In article <447@cti1.UUCP> kmeek@cti1.UUCP (Kevin Meek) writes:
[...]
>We have a table with account numbers and account information.
>
>We have a table with planning data that is linked to the
>account table via the account number.
>
>We have a table with spending data that is linked to the account
>table via the account number.
>
>We want an output record for each account with the total
>planned amount and total expended amount.  It is easy to get
>either one using sum and group by but getting both in one query
>is more difficult.
[...]
>We would have
>
>Accounts data as follows
>
>100|widgets
>
>Planning records like this
>
>100|100.00|....
>100|200.00|....
>100|300.00|....
>
>Spending records like this:
>
>100|150.00|...
>100|250.00|...
>
>I want a SQL select statement that will give me the following output
>
>100|widgets|600.00|400.00
[...]
>I tried creating a view for each separately and then joining my views
>but you can't use a where when your view has a group by clause.
[...]

One way to do this query is to create two views. One view would be

     SELECT account#, sum(plan_amount) sum_plan_amount
     FROM   planning
     GROUP BY account#

The other would be:

     SELECT account#, sum(exp_amount) sum_exp_amount
     FROM   spending
     GROUP BY account#

Your query would then be:

     SELECT accounts.account#, name, sum_plan_amount, sum_exp_amount
     FROM   accounts, planning_view, spending_view
     WHERE  accounts.account# = planning_view.account#
       AND  accounts.account# = spending_view.account#

It sounds like from your note that this is not going to work because your
version of SQL does not allow WHERE clauses with views that contain
GROUP BYs (which version are you using anyway?).

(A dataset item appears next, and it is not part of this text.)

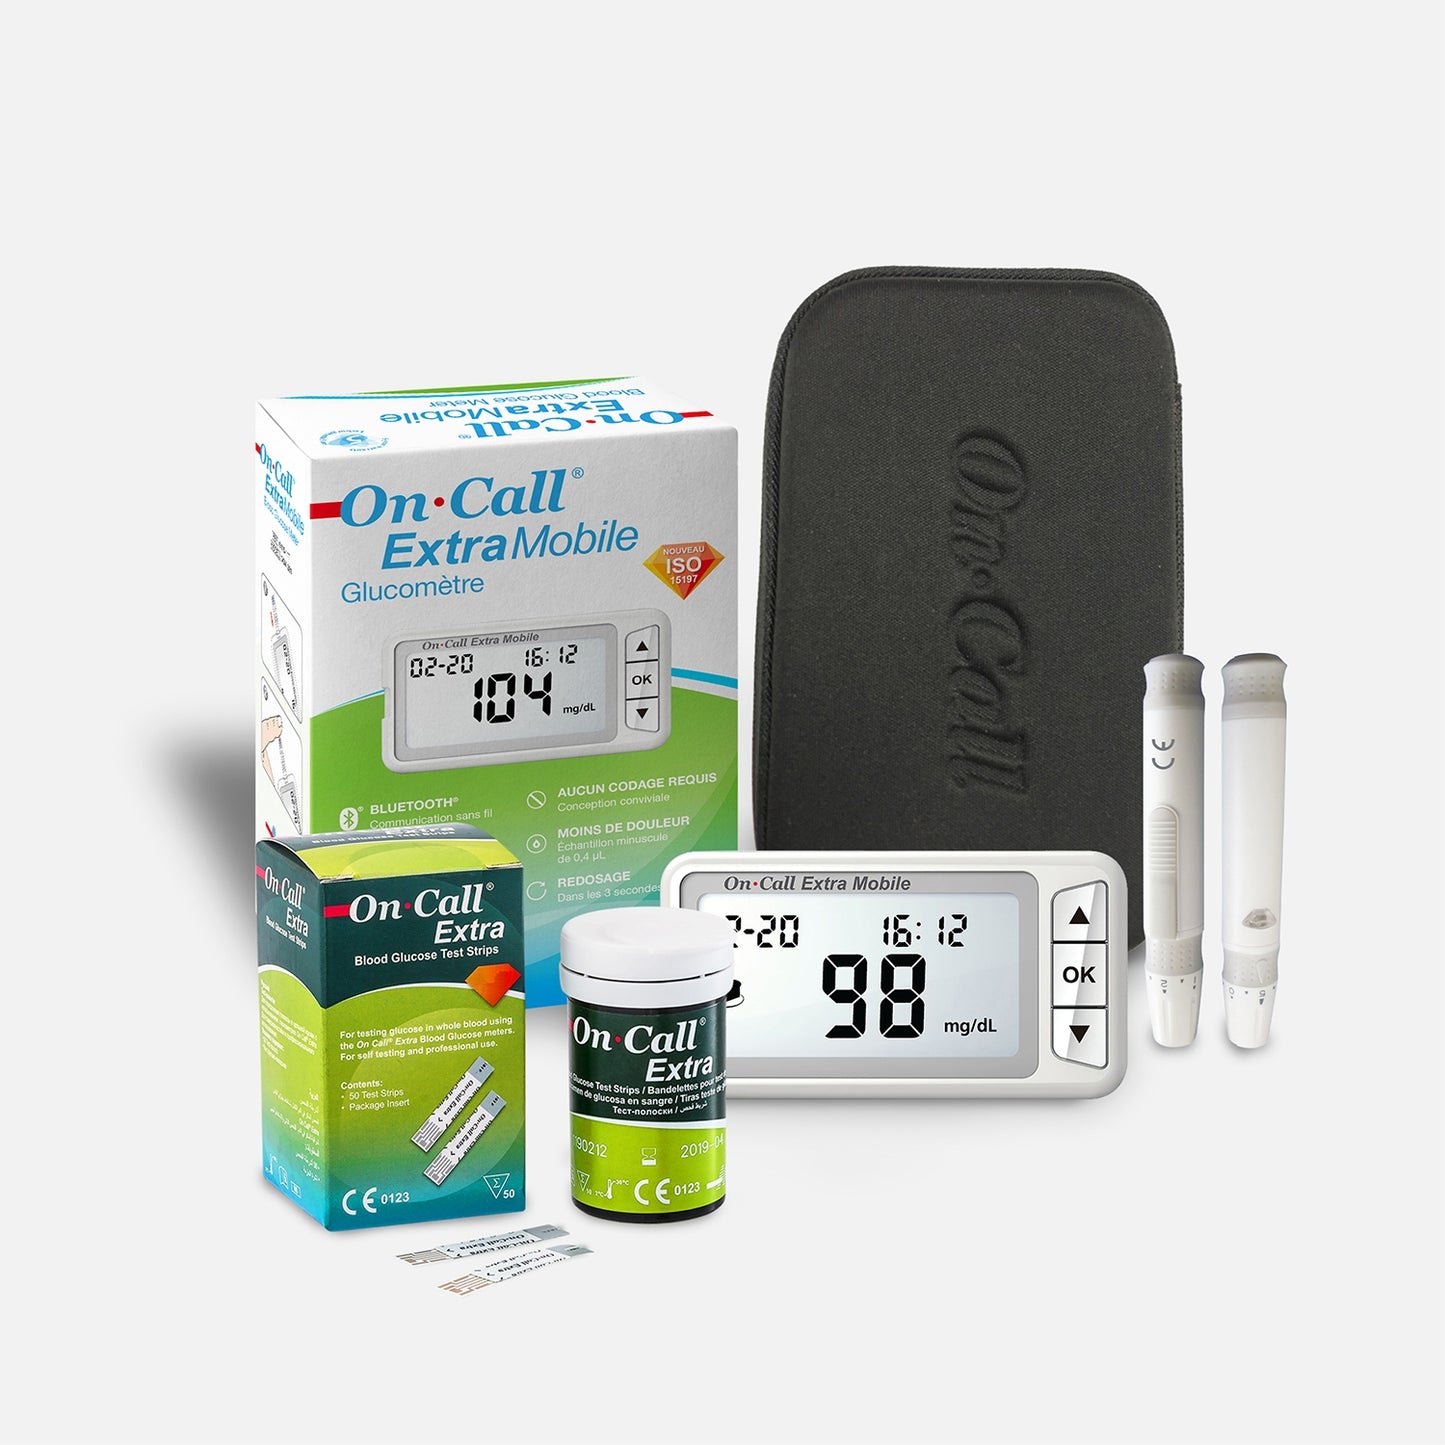 On Call Extra Mobile Blood Glucose Meter

The other way to do this requires that you have a unique key column in both
of the tables, or the database you are working with has some column that
uniquely identifies every row in the database and is accessible to the user.
In ORACLE there is a ROWID column that does this. Using ROWID, your query
could be written as:

     SELECT accounts.account#, name,
            sum(planning.plan_amount)/count(distinct spending.rowid),
            sum(spending.exp_amount)/count(distinct planning.rowid)
     FROM   accounts, planning, spending
     WHERE  accounts.account# = planning.account#
       AND  accounts.account# = spending.account#
     GROUP BY accounts.account#, accounts.name

The query uses the fact that when you join tables, you are doing a cross
product, which means, given two tables A and B, every row in table A is
duplicated by the number of rows in table B. If you are doing a sum of a
column in table A while joining these two tables, then the result will
always be the result you would get without doing the join multiplied by the
number of rows in table B.

Again, this query depends on having some sort of unique key column for 
the tables you are joining. If the table doesn't have a unique key, then
you have to have some mechanism like ROWID to do this.


Hope this help,


Michael Wang
mwang@oracle.com

allbery@NCoast.ORG (Brandon S. Allbery KB8JRR) (02/21/91)

As quoted from <447@cti1.UUCP> by kmeek@cti1.UUCP (Kevin Meek):
+---------------
| Accounts data as follows
| 100|widgets
| 
| Planning records like this
| 100|100.00|....
| 100|200.00|....
| 100|300.00|....
| 
| Spending records like this:
| 100|150.00|...
| 100|250.00|...
| 
| I want a SQL select statement that will give me the following output
| 100|widgets|600.00|400.00
+---------------

In general, you're out of luck.  I don't know if any of the SQLs out there
will do this, even with an intervening view.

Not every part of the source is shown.